Speculation on the other hand I can sort of understand and accept (although it's kind of sad that the speculation is driven entirely by hype rather than any kind of solid metrics).

It doesn't have to have the earning potential of Google to be successful. It's valuation is 1/10th of Google's.

1/10th of the earning potential of google is still... substantial.

Fair point

I find it hard to accept that a rational person thinks twitter will ever have the profit earning capability of Google. It just seems nuts to me to justify twitter's future earnings potential on a black swan event.
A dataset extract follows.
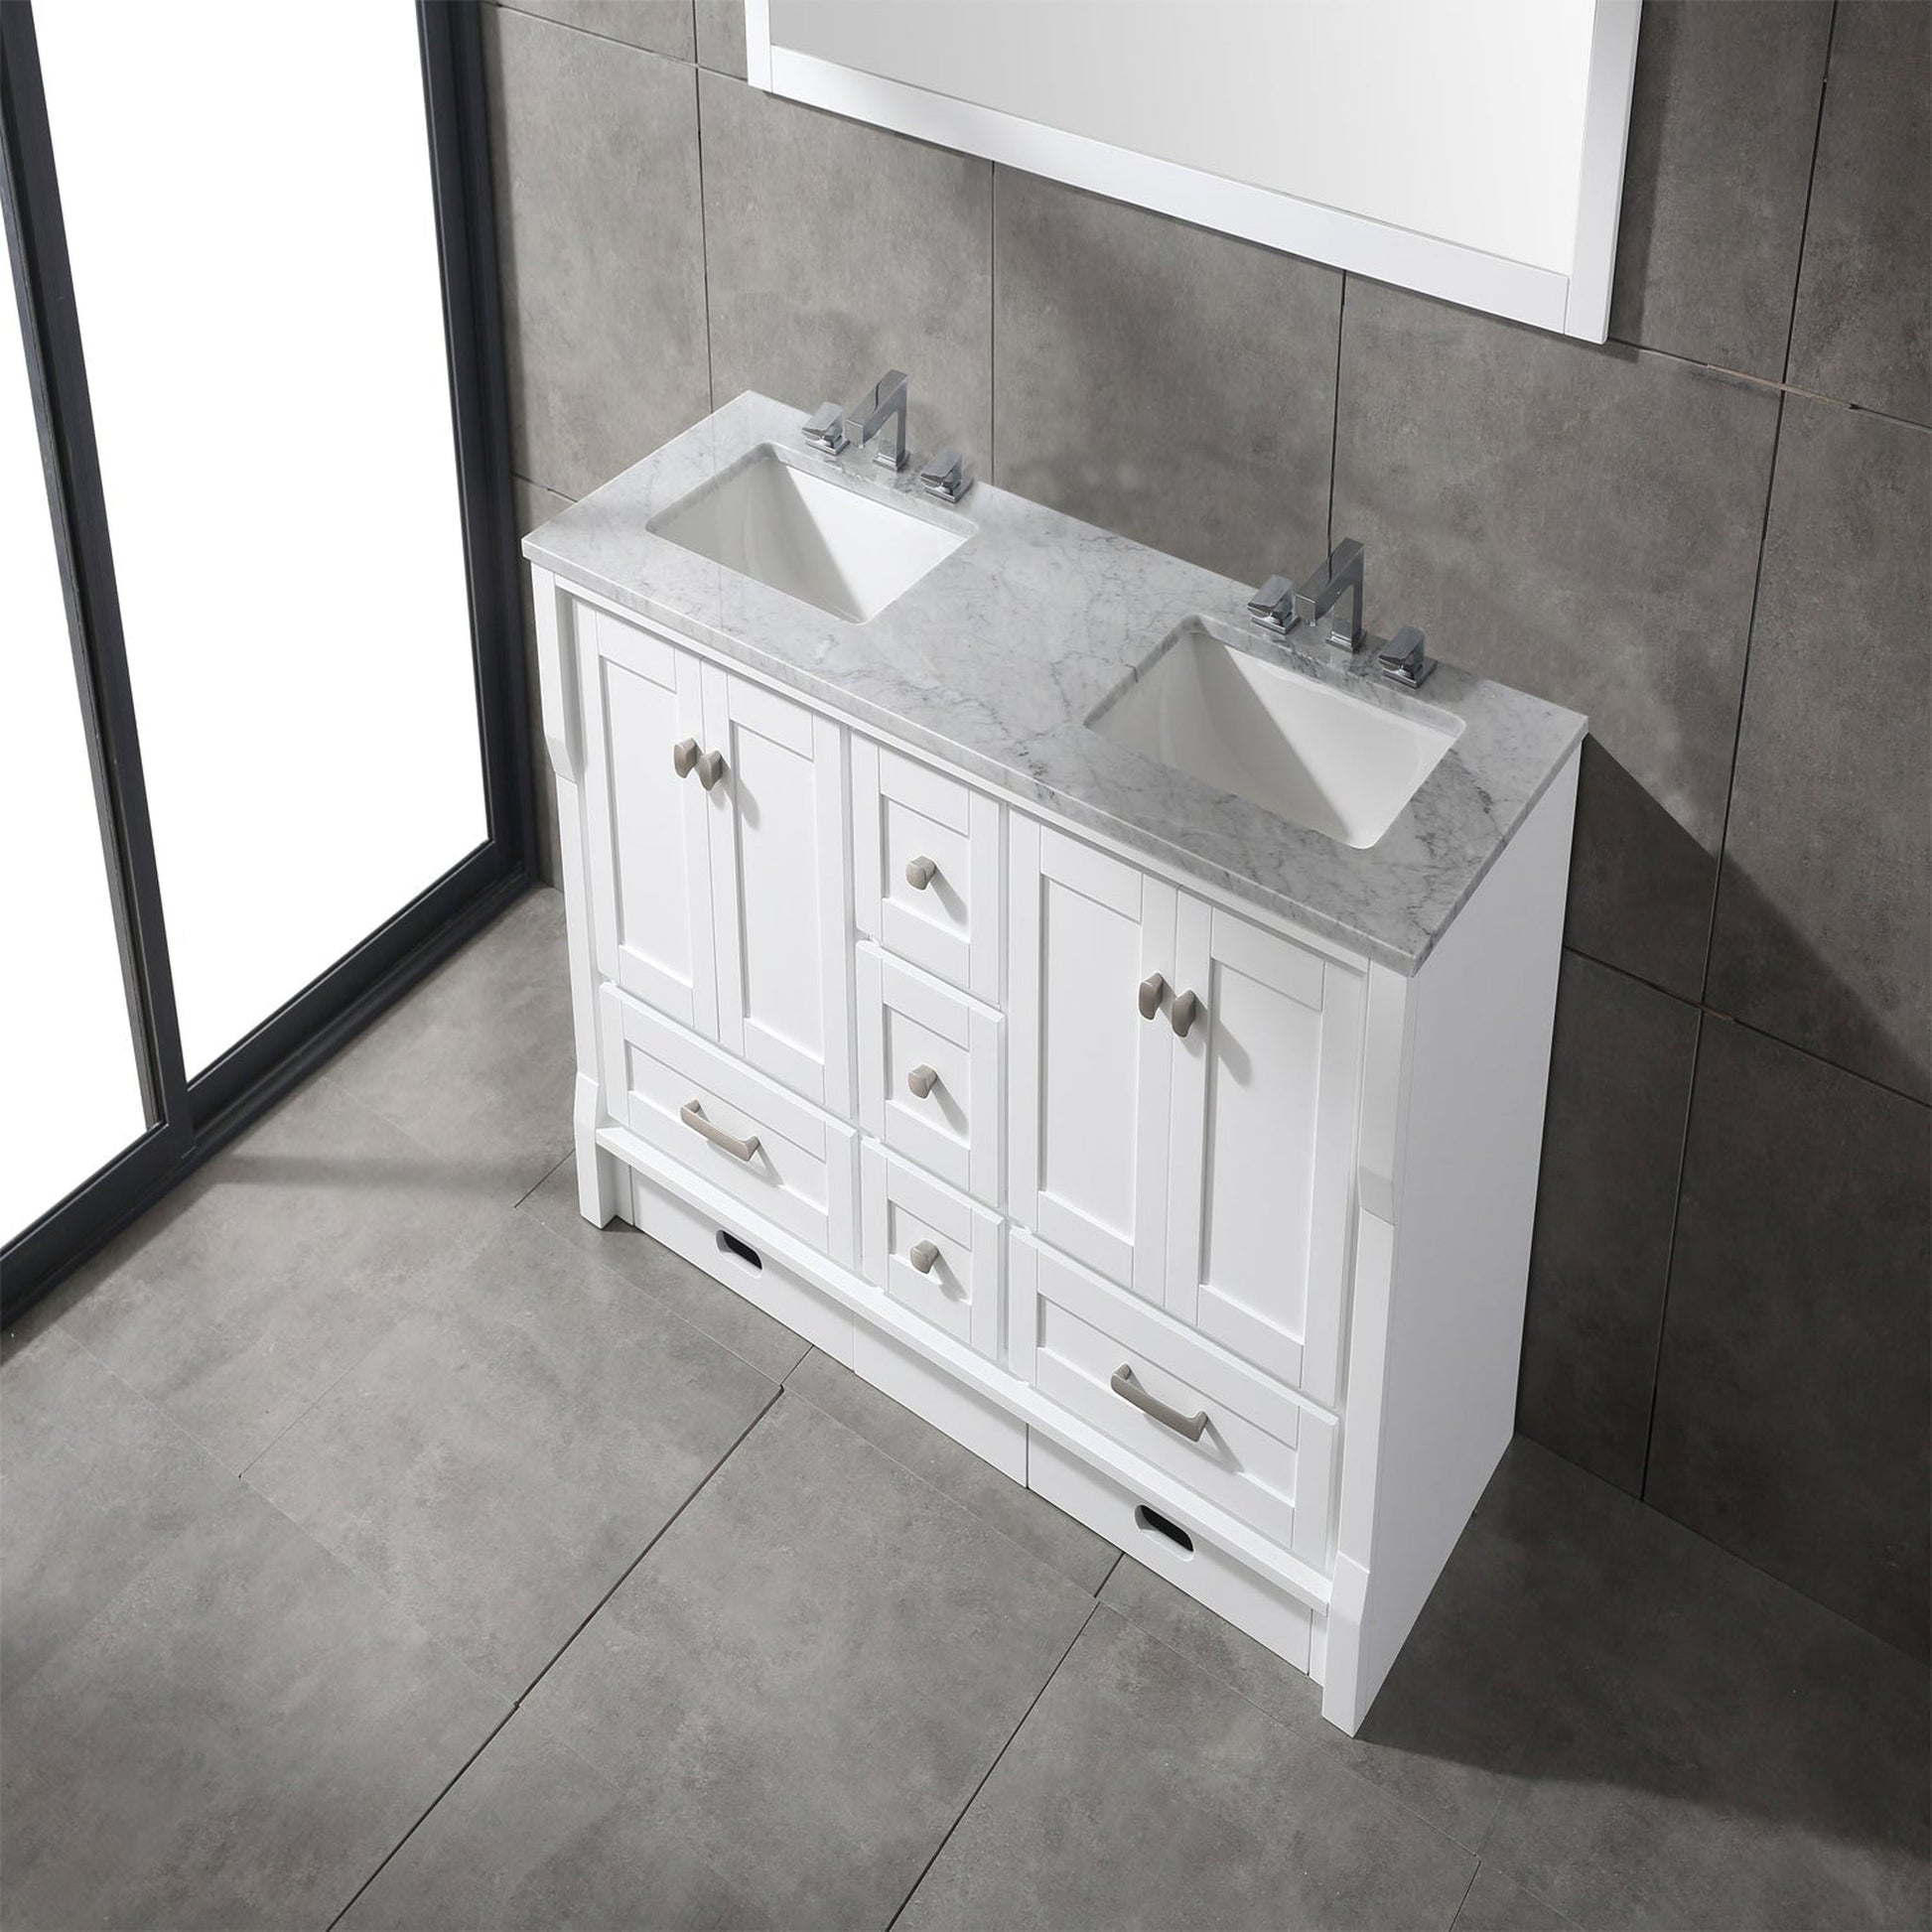 Eviva Booster 60” x 34” White Freestanding Bathroom Vanity With White Carrara Marble Countertop and Double Undermount Sink

I don't think anyone has claimed Twitter is going to be as efficient as Google at making money. But TV stations make a lot of money, and Twitter has a closer relationship to its users than a TV station. Twitter also has more users than most TV networks have viewers.

It's hardly a black swan to follow a model that has been proven to work over 50 years (ie, advertising around entertainment).
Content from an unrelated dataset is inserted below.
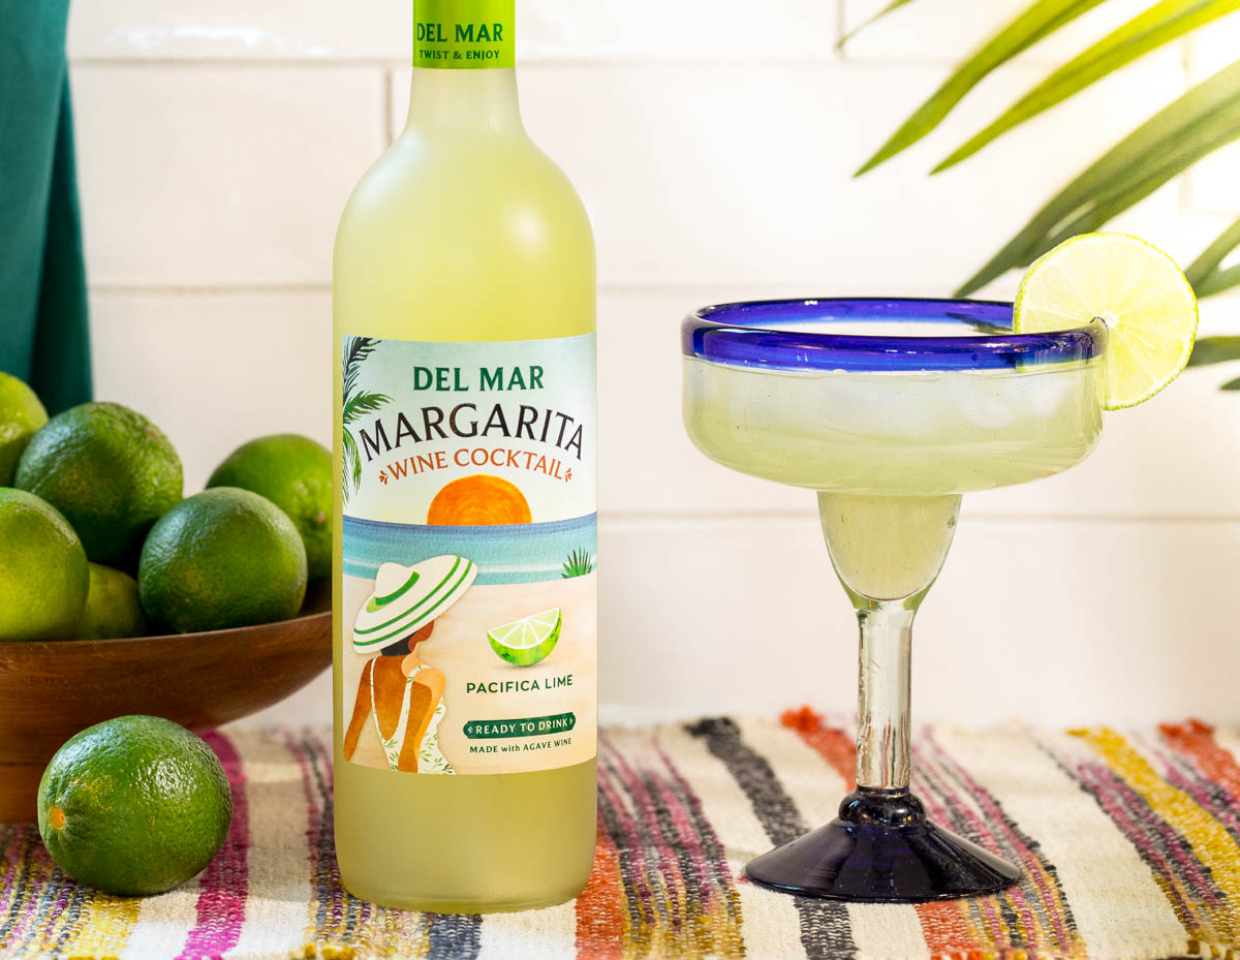 Bottle of Del Mar margarita wine cocktail on a counter with limes next to a margarita glass.

speculation is driven entirely by hype rather than any kind of solid metrics

Why do you say that? There are very solid metrics on Twitter's user base, and very solid metrics around what an average user is worth to an advertiser, either on the web or on a mobile device.

> Just because they aren't making money now doesn't mean that will always be the case.

This is dangerous speculation.

That's the nature of investing in stocks. If you want something guaranteed, open a savings account.

Unless you're in Cyprus.

Welcome to VC. But seriously, that's the stock market for you. Gambling with lots and lots of rules.

It's also dangerous to assume that all companies must be profitable from day one. Facebook is a good example of a company that was "losing money" but was able to turn profits recently.

Which is not to say that I believe twitter deserves the market cap currently implied by the share price.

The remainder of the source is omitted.